Хоть бы они поняли, что, даже если я рассказываю сакральную историю, я не хочу зацикливаться на благостных персонажах. Жизнь должна присутствовать, во плоти, со всеми своими излишествами, клокотанием, капризами, уродствами, грубостью. Я не хочу рисовать в розовом цвете. Тем более такой сюжет.
Кроме того, я апеллирую к историческим реалиям. Философское движение «собак» достигло в то время несомненного успеха. Цинизм Кратериоса, возможно, увлек бы Средиземноморье, если бы не появилось христианство...
Кто убил Иисуса?
Власть и система.
Я исхожу не из этого. Мне приходилось слышать смехотворные споры в попытке определить виноватых: или римляне, или евреи! Приведем немного в прядок эти глупости.
Первые обвиняемые: евреи! Антисемитизм, этот вирус, который с течением истории непрестанно мутировал и менял форму, осмелился, в одном из своих проявлений, выдвинуть этот аргумент в свое оправдание: евреи убили Иисуса. Но тогда мы все евреи! Если история Иисуса - это история еврея в стране евреев, то он человек, ставший жертвой своих соотечественников, не более того.

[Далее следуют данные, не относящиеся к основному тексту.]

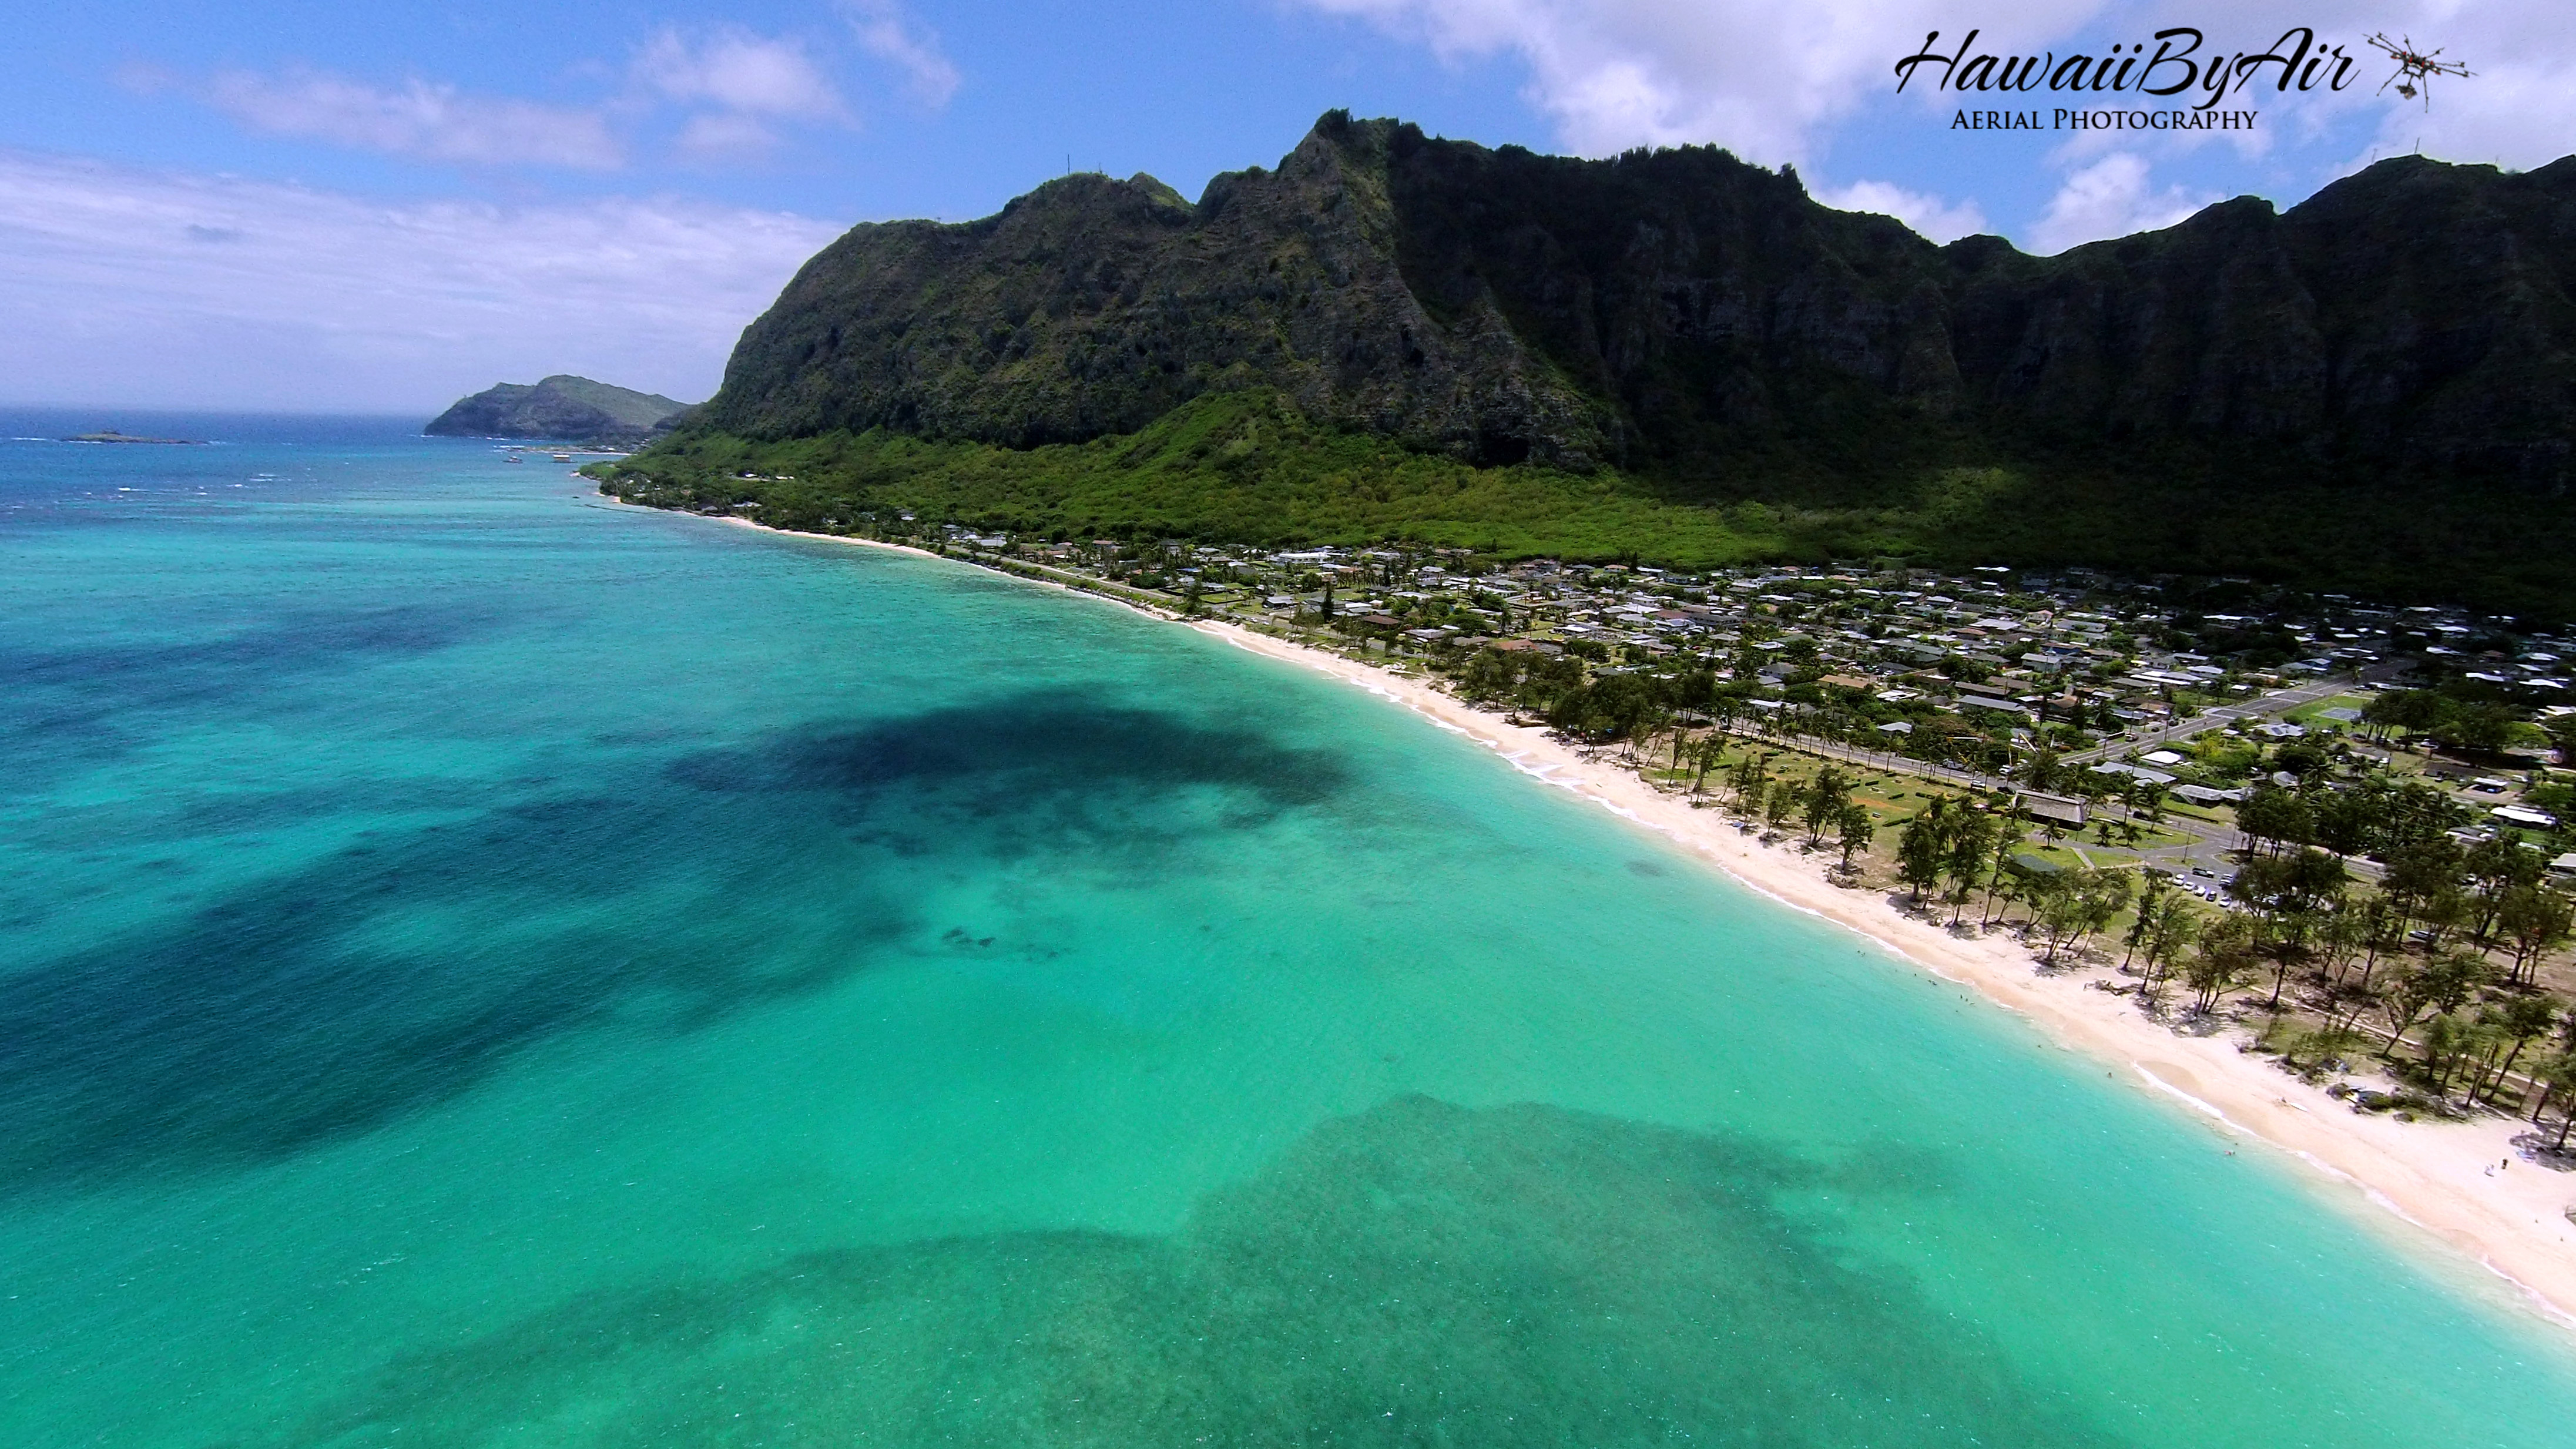 Hawaii Drone Aerial Photography Hawaiibyair

Поскольку его допрашивал и приговорил Синедрион, он был схвачен, как все мистики и свободолюбцы, организацией, которая не хотела, чтобы слышали еще какой-то голос, кроме ее собственного. Любая Церковь, как христианская, так и мусульманская, в свое время преследовала инакомыслящих, изобличала еретиков, отказываясь воспринимать другие идеи, особенно если они набирали силу. Здесь мы имеем дело с классическим рефлексом защиты могущественного института от отдельной личности, а не с чем-то специфически еврейским.
Вторые обвиняемые: римляне! Пилат, при таком раскладе, веками преподносится «палачом Христа». За этим обвинением чувствуется вздох облегчения Европы наконец-то христианской, которая ликует, оставив мир римский, а значит языческий, в античности. Я далек от того, чтобы реабилитировать этого персонажа, о котором немного известно: я пользуюсь им в той же степени, что он пользуется мной. Пилат реагирует как политик, как прагматик, обеспокоенный тем, чтобы избежать беспорядка, сохранить отношения с союзниками, которых он контролирует, в первую очередь с первосвященником. Он ведет себя не как римлянин, а как оккупант.

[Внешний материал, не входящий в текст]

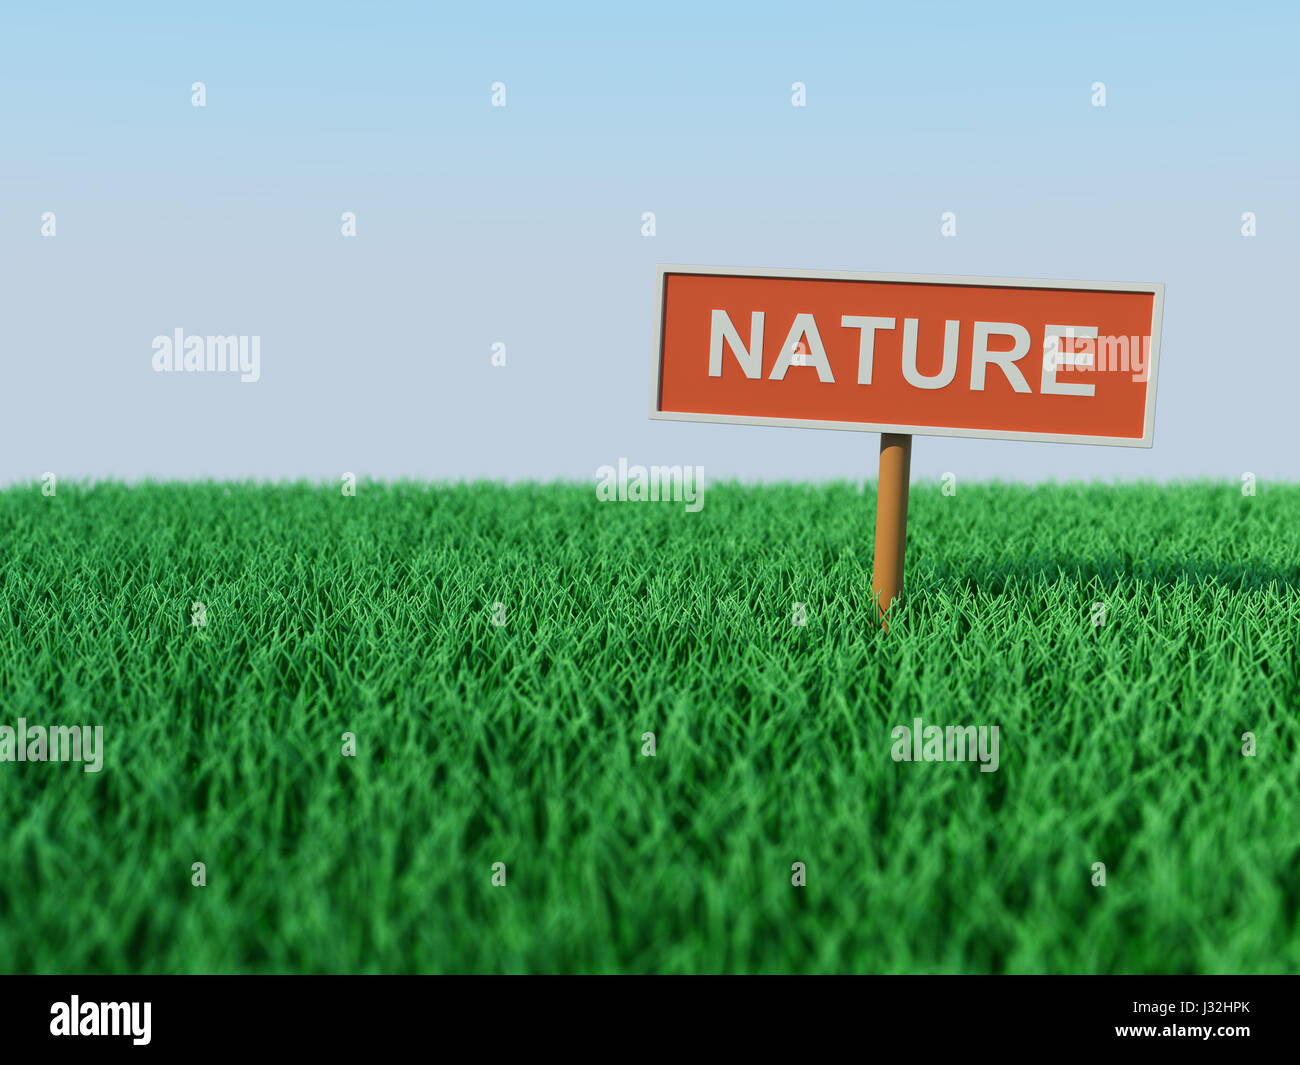 Concept Nature - Image 3D reconstruite Banque D'Images

Друге суждение представляется мне незнанием прошлого, помноженным на дурные намерения в настоящем.
Тайна - это нечто, постоянно подающее повод к размышлению.
Сегодня 28 марта, день моего рождения, разносчики сменяют друг друга у моей двери: я завален букетами, как в день премьеры. Мой кабинет, где красуются тюльпаны, распускается сирень и томятся лилии, больше походит на гримерную артиста, чем на рабочее место писателя.
Чувство, что ты немного любим.
Среди всех этих цветов, которые происходят из Голландии, но которые мне присылают из Франции, меня особенно трогает огромная охапка роз. Мой издатель Ришар Дюкуссэ вспомнил обо мне.
Меня всегда волновал первый букет, который я получаю от человека. Краснея, немного волнуясь, с колотящимся сердцем, я звоню, чтобы его поблагодарить. Изысканная болтовня, беспорядочная и бессмысленная, мы жужжим как два шмеля в глубине сада. Потом переходим к сути:
- А ваша книга?
- Мне еще нужно ее перечитать.
- Вы ее уже семь лет перечитываете. Что происходит?
Я приукрашаю, я преуменьшаю, я выдумываю. Не в силах признать, что книгу у меня украли, боясь, что он не поверит, что я способен в конце концов восстановить ее, я убеждаю его, что это дело еще двух или трех недель.
Это мне позволит сказать то же самое через две или три недели...
На данный момент, никто еще ничего не читал.
Брюно М. наблюдает за моей работой со смешанным чувством. С одной стороны, он меня горячо поддерживает, поскольку он хочет отвадить меня от театра, прекрасно зная, что я не могу всего сказать на сцене. С другой, он, несомненно, предпочел бы, чтобы я писал другой роман.
Он принадлежит к людям, достаточно нечувствительным к вопросам веры и менее всего мучимым метафизикой... Я думаю, он терпит эту книгу в ожидании последующих.
Эта работа грозит превратить меня в романиста. Со времен моего первого романа, Секты эгоистов, который так и остался фарсом, скорее иронической философской сказкой, чем романом в традиционном смысле, я посвятил себя театру, без всяких сомнений относительно спонтанной формы выражения.
Откуда взялись эти комплексы, которые тянули меня назад все семь лет работы над романом?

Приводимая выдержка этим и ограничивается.